WHAT NEEDS TO BE DONE:
Across the records that follow, determine how many lines contain "Food" and give only the resulting number.

======== PROVIDED RECORDS ========

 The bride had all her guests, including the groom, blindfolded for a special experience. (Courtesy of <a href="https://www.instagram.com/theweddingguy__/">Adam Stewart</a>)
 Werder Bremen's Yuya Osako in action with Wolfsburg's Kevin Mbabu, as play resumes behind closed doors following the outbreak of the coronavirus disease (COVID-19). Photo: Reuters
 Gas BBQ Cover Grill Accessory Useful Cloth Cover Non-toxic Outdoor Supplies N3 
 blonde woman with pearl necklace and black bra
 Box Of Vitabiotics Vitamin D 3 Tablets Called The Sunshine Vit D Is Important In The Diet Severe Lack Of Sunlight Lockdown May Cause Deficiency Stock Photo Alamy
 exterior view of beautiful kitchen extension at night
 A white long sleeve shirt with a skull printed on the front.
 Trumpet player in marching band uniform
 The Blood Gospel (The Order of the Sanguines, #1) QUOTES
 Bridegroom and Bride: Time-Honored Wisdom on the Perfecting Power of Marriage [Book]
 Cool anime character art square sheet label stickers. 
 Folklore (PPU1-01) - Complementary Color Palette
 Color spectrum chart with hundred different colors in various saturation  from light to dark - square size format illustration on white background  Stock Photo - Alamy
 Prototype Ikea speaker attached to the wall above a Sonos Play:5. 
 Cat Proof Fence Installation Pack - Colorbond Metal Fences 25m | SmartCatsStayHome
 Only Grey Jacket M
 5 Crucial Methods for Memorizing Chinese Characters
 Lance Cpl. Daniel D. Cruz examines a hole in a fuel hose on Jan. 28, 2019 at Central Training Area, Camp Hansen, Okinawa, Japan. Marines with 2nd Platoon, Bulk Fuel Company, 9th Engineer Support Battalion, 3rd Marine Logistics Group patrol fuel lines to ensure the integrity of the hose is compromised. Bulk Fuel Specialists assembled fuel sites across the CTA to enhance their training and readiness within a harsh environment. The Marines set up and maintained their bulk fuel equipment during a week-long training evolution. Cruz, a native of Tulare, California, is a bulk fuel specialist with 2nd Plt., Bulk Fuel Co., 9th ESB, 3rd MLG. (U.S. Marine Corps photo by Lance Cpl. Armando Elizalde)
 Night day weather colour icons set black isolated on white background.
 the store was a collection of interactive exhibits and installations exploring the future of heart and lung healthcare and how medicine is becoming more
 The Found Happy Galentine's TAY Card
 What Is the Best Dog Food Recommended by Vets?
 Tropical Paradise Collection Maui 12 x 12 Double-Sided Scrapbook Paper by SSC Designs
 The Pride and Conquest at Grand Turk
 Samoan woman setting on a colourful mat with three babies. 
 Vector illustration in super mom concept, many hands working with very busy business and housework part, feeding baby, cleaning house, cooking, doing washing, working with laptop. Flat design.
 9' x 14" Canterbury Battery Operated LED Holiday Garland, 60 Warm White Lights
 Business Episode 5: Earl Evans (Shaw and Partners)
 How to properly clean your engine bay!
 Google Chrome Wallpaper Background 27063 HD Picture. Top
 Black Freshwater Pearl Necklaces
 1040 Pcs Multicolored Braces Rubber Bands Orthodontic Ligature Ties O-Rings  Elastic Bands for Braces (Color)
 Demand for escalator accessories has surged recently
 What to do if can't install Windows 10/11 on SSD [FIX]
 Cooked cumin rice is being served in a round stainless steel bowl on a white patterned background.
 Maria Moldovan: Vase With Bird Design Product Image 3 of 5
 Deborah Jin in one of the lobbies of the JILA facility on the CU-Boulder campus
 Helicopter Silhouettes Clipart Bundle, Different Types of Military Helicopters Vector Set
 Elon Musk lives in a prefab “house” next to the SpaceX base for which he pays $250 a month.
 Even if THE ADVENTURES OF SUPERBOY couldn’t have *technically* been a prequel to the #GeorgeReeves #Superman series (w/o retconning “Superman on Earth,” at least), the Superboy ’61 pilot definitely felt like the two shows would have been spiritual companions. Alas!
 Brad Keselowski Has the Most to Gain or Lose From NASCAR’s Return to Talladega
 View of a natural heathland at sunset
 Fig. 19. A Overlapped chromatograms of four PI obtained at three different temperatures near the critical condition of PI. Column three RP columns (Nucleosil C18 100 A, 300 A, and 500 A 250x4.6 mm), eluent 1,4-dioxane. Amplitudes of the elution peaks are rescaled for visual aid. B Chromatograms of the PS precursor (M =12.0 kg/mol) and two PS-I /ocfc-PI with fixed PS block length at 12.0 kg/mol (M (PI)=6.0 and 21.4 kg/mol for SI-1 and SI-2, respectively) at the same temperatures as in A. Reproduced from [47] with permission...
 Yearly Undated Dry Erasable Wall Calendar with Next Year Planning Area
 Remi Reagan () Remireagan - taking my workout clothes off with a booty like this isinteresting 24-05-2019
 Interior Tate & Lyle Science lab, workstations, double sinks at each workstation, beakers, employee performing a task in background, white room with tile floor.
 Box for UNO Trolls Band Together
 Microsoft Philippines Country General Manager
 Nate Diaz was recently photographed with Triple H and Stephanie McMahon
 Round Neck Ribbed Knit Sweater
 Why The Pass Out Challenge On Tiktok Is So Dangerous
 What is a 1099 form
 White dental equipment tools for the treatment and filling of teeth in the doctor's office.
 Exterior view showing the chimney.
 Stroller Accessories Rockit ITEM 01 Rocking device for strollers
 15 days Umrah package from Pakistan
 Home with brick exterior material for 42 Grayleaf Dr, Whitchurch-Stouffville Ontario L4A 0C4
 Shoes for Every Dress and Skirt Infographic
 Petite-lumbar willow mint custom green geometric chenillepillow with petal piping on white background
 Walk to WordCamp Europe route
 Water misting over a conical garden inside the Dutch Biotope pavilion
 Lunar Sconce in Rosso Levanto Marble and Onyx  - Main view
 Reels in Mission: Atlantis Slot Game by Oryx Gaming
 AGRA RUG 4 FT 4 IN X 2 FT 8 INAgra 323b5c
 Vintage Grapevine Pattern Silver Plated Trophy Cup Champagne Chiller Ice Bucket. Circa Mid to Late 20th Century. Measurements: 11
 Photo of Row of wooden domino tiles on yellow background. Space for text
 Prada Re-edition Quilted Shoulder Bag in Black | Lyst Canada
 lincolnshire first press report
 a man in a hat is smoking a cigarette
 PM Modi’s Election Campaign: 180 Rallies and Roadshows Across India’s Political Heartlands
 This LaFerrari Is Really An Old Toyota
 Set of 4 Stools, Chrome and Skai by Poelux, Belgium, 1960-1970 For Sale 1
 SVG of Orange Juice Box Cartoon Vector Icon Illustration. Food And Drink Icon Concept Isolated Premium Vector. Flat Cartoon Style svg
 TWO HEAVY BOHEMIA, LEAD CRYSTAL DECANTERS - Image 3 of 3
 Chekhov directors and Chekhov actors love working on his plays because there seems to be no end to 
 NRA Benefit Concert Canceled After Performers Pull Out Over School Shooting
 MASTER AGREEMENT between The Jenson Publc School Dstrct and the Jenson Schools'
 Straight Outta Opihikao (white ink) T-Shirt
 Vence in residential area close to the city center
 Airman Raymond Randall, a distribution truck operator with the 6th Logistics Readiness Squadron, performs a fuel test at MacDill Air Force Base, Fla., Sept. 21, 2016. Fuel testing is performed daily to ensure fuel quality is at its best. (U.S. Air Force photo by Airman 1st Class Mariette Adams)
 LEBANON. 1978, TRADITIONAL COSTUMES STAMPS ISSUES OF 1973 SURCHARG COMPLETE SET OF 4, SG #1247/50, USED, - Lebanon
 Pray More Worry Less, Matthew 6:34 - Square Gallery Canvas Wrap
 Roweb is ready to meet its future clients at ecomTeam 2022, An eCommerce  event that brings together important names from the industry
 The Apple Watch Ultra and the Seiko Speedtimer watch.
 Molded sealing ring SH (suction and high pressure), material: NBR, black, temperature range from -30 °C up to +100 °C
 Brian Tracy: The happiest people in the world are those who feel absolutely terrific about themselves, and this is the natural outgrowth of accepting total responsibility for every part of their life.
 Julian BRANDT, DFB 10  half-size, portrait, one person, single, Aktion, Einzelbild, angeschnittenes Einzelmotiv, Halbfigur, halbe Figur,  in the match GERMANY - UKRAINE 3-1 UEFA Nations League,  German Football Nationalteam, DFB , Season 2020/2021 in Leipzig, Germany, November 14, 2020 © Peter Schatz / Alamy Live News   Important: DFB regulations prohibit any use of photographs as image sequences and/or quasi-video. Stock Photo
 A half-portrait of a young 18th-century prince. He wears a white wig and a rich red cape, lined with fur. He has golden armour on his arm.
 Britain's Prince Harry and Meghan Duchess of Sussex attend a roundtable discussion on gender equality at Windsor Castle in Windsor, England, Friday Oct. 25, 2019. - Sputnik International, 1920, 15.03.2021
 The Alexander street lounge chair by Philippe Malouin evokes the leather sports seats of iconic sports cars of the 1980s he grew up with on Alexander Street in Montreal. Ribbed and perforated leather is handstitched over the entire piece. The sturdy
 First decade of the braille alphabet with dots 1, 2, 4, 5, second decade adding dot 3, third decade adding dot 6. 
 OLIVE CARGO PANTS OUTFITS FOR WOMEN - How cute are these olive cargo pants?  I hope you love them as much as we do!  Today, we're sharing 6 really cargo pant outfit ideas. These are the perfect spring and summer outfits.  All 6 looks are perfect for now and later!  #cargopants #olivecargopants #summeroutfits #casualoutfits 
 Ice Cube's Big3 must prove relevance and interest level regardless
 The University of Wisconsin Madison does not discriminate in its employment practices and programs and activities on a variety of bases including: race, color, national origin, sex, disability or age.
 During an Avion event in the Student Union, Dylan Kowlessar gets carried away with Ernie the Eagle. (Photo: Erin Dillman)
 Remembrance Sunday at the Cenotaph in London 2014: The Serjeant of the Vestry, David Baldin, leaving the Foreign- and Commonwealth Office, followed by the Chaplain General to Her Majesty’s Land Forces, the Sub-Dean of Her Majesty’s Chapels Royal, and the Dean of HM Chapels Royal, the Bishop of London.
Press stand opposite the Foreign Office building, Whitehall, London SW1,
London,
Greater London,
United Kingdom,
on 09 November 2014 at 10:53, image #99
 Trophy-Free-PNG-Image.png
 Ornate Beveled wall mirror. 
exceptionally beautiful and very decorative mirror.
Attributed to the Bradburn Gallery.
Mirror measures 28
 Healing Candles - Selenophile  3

========

EXERCISE OUTPUT:
2